Changes to the Dayton Peace Agreement are Inevitable

Changes to the Dayton Peace Accords, which include Bosnia and Herzegovina’s Constitution, are necessary and inevitable, Miro Lazovic, a participant in the negotiation process that led to the end of the 1995 war, told TV N1 on 21.01. He added that politicians in Bosnia do not want such changes because the current system holds them in power.

TV N1 Question: Local media recently reported that Turkish President Recep Tayyip Erdogan and Croatia’s Zoran Milanovic have spoken about possible changes to the Dayton Agreement!

Lazovic: This can be a”good thing”. “If this information is correct, I interpret it, considering that the circumstances are such that we in BiH are hostages to the Dayton Agreement, which to a certain extent creates instability in the region.”

“The fact is, in recent years, much has been said about the need to change the Dayton Agreement or to adopt a ‘Dayton 2’ Agreement, especially in regard to Annex 4.”

Lazovic explained that it was clear to everyone involved in the negotiation process 25 years ago that no stable and democratic country could emerge from such a system. He added that this was also mentioned during talks with Richard Holbrooke, the US diplomat who brokered the Agreement.

“He (Holbrooke) replied, ‘… you have to live like that for 15 years and then the time will come for a change’.”

“We’ve been living with it for 25 years. The Dayton Agreement has turned Bosnia and Herzegovina into a cripple”, Lazovic said, adding that under such a political system, each ethnic group faces discrimination in at least one of the country’s entities.

According to the Dayton Peace Agreement, the country’s Presidency consists of representatives of Bosnia’s three constituent peoples – Bosniaks, Serbs and Croats. The House of Peoples is also filled with members of these groups only.

In 2009, the European Court for Human Rights ruled in favor of a lawsuit submitted by Dervo Sejdic, a Roma and Jakob Finci, a Jew, who said the system did not allow them to run for president or member of the upper house of the parliament because of their ethnicity.

The court ordered the country to remove this discrimination from its constitution, but since then nothing has been done to implement the ruling.

The issue also concerns members of the three constituent peoples who live in areas of the country dominated by one of the other two groups or peoples.

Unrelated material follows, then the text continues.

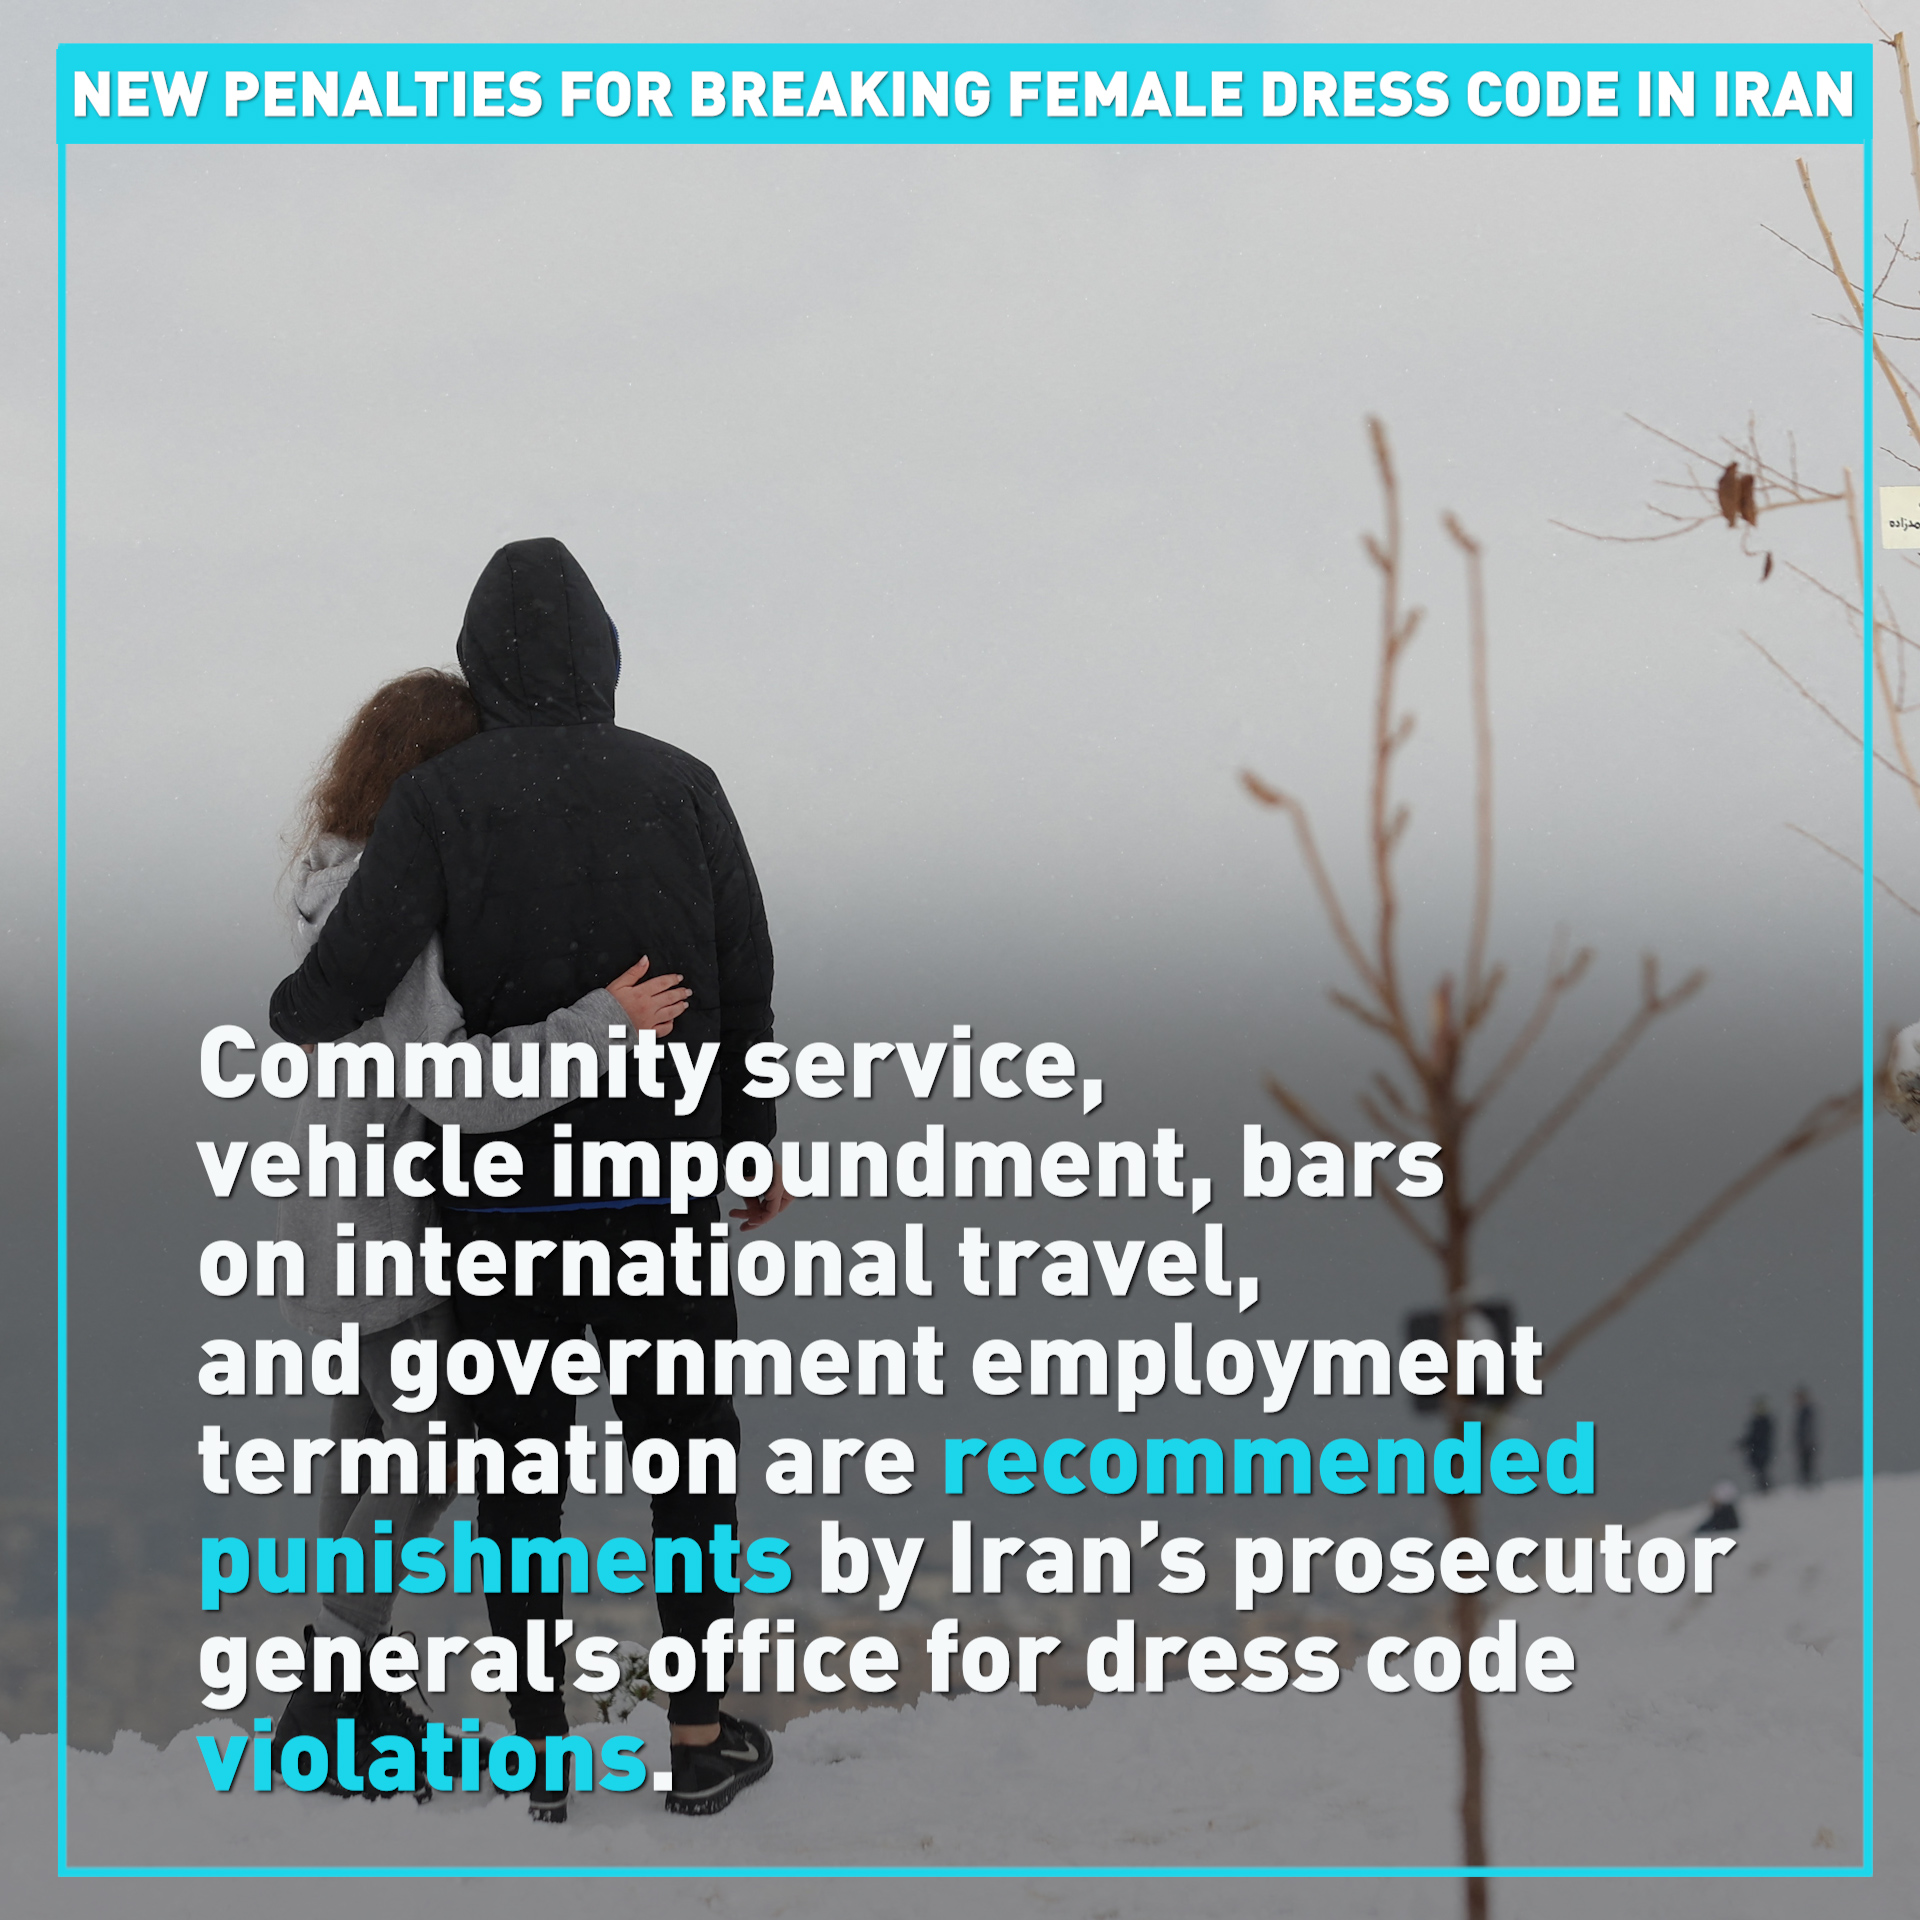 New penalties rather than arrest for breaking dress code in Iran

Bosniaks and Croats living in the Serb-dominated part of the country, Republika Srpska (RS), cannot run for president or upper house lawmaker either and neither can Serbs from the Federation (FBiH), which is the other half of the country mostly populated by the other two groups (Bosniaks and Croats).

Lazovic also commented on statements by Bosnian Serb member of the tripartite Presidency, Milorad Dodik, who rejected any possibility of changing the Dayton Agreement.

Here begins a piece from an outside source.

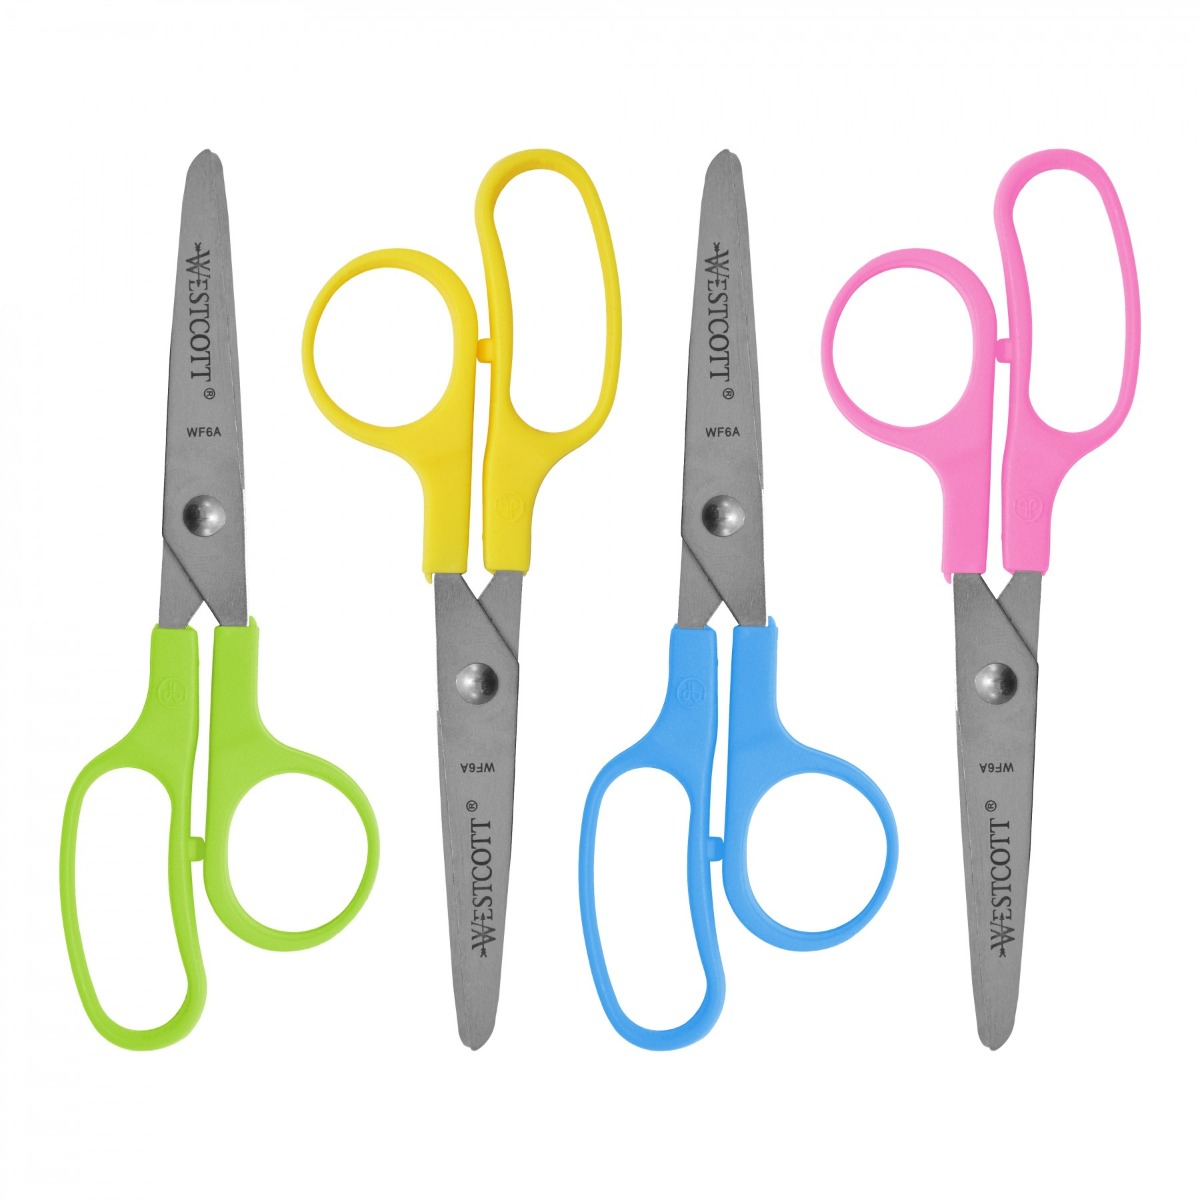 Kids Scissors 12 Count Pointed Kids Scissors right and left-handed scissors  variety colors scissors for school kids Kid Scissors, Craft Scissors

“I remember a time when Dodik was against the Dayton Accords and at one point he changed his mind and vocabulary”, Lazovic said, adding that US envoy for the Western Balkans, Matthew Palmer, also said a few months ago that BiH needed a different constitutional framework.

“This is inevitable”, Palmer said.

The reason Dodik opposes any change is that “this position is appropriate for him and for those who are similar to him as it protects their power”, Lazovic argued.

“They are aware that if the Sejdić-Finci ruling is implemented, the constitutional framework must be changed – citizens should be a priority, not ethnic groups”, he said.

Lazovic does not believe that a new agreement will be reached, a ‘Dayton 2’, but that the existing one will rather be modified” on an evolutionary path during the Euro-Atlantic integration process”.

According to the ruling of the Human Rights Court, the term “citizens” should have already been included in the Constitution, he stressed, adding that BiH has no chance of becoming an EU member with its current constitutional framework.

But such a change is unlikely to happen “without the strong involvement of the US administration” and “pressure from Brussels”, he said, adding that Election Law would also have to change.